Machine learning is a field of computer science that gives computers the ability to learn without being explicitly programmed. Machine learning can be categorised in the following three categories.

- Supervised machine learning,
- Unsupervised machine learning,
- Reinforcement learning

Deep Learning is a subfield of machine learning concerned with algorithms inspired by the structure and function of the brain called artificial neural networks.

Now although Deep Learning has been around for many years, the major breakthroughs from these techniques came just in recent years. This is because of two main reasons:

- The increase in the amount of data generated through various sources
- The growth in hardware resources required to run these models

GPUs are multiple times faster and they help us build bigger and deeper deep learning models in comparatively less time than we required previously.

*Reinforcement Learning* is learning what to do and how to map situations to actions. The end result is to maximise the numerical reward signal. The learner is not told which action to take but instead must discover which action will yield the maximum reward. Reinforcement learning is inspired by the learning of human beings, it is based on the reward/penalty mechanism.

Artificial Neural networks are a specific set of algorithms that have revolutionized machine learning. They are inspired by biological neural networks. Neural Networks can adapt to changing the input so the network generates the best possible result without needing to redesign the output criteria.

Artificial Neural Networks works on the same principle as a biological Neural Network. It consists of inputs which get processed with weighted sums and Bias, with the help of Activation Functions.

There are two methods here: we can either initialize the weights to zero or assign them randomly.

Initializing all weights to 0: This makes your model similar to a linear model. All the neurons and every layer perform the same operation, giving the same output and making the deep net useless.

Initializing all weights randomly: Here, the weights are assigned randomly by initializing them very close to 0. It gives better accuracy to the model since every neuron performs different computations. This is the most commonly used method.

**What Is the Cost Function?**

Also referred to as “loss” or “error,” cost function is a measure to evaluate how good your model’s performance is. It’s used to compute the error of the output layer during backpropagation. We push that error backwards through the neural network and use that during the different training functions.

**What Are Hyperparameters?**

With neural networks, you’re usually working with *hyperparameters* once the data is formatted correctly. A hyperparameter is a parameter whose value is set before the learning process begins. It determines how a network is trained and the structure of the network (such as the number of hidden units, the learning rate, epochs, etc.).

**What Will Happen If the Learning Rate Is Set inaccurately (Too Low or Too High)?**

When your learning rate is too low, training of the model will progress very slowly as we are making minimal updates to the weights. It will take many updates before reaching the minimum point.
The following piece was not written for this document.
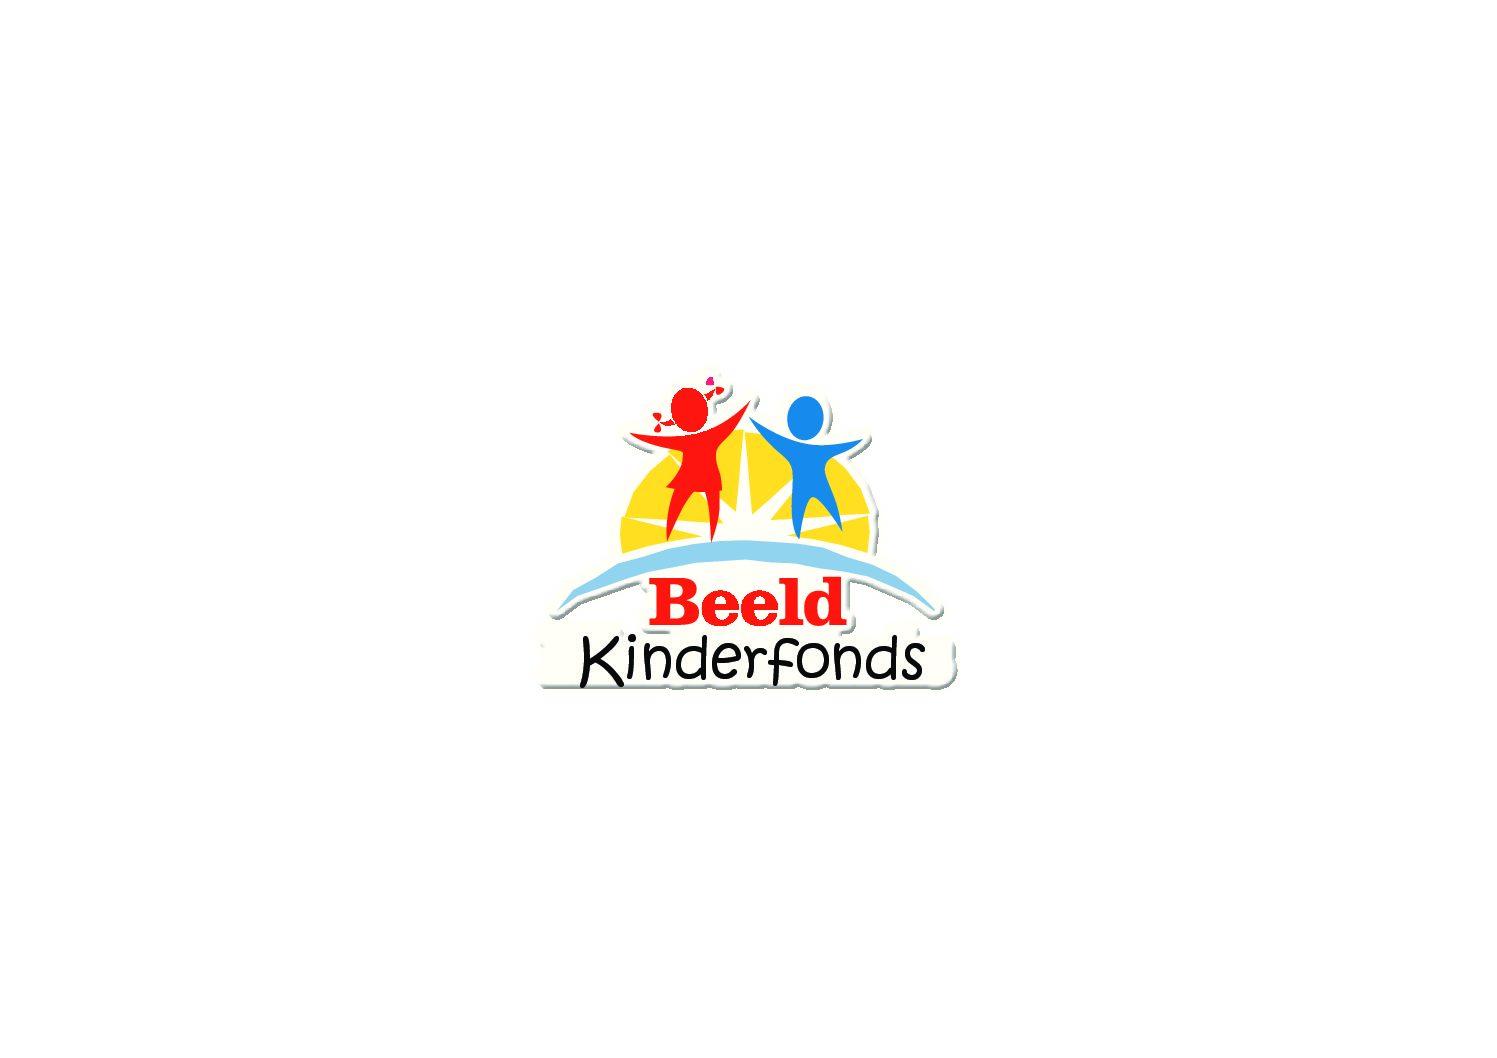 Beeld-Kinderfonds / Beeld Children's Fund

If the learning rate is set too high, this causes undesirable divergent behaviour to the loss function due to drastic updates in weights. It may fail to converge (model can give a good output) or even diverge (data is too chaotic for the network to train).

- Epoch – Represents one iteration over the entire dataset (everything put into the training model).
- Batch – Refers to when we cannot pass the entire dataset into the neural network at once, so we divide the dataset into several batches.
- Iteration – if we have 10,000 images as data and a batch size of 200. then an epoch should run 50 iterations (10,000 divided by 50).

There are four layers in *CNN*:

- Convolutional Layer – the layer that performs a convolutional operation, creating several smaller picture windows to go over the data.
- ReLU Layer – it brings non-linearity to the network and converts all the negative pixels to zero. The output is a rectified feature map.
- Pooling Layer – pooling is a down-sampling operation that reduces the dimensionality of the feature map.
- Fully Connected Layer – this layer recognizes and classifies the objects in the image.

Pooling is used to reduce the spatial dimensions of a CNN. It performs down-sampling operations to reduce the dimensionality and creates a pooled feature map by sliding a filter matrix over the input matrix.

*RNNs* are a type of artificial neural networks designed to recognise the pattern from the sequence of data such as Time series, stock market and government agencies etc. To understand recurrent nets, first, you have to understand the basics of feedforward nets.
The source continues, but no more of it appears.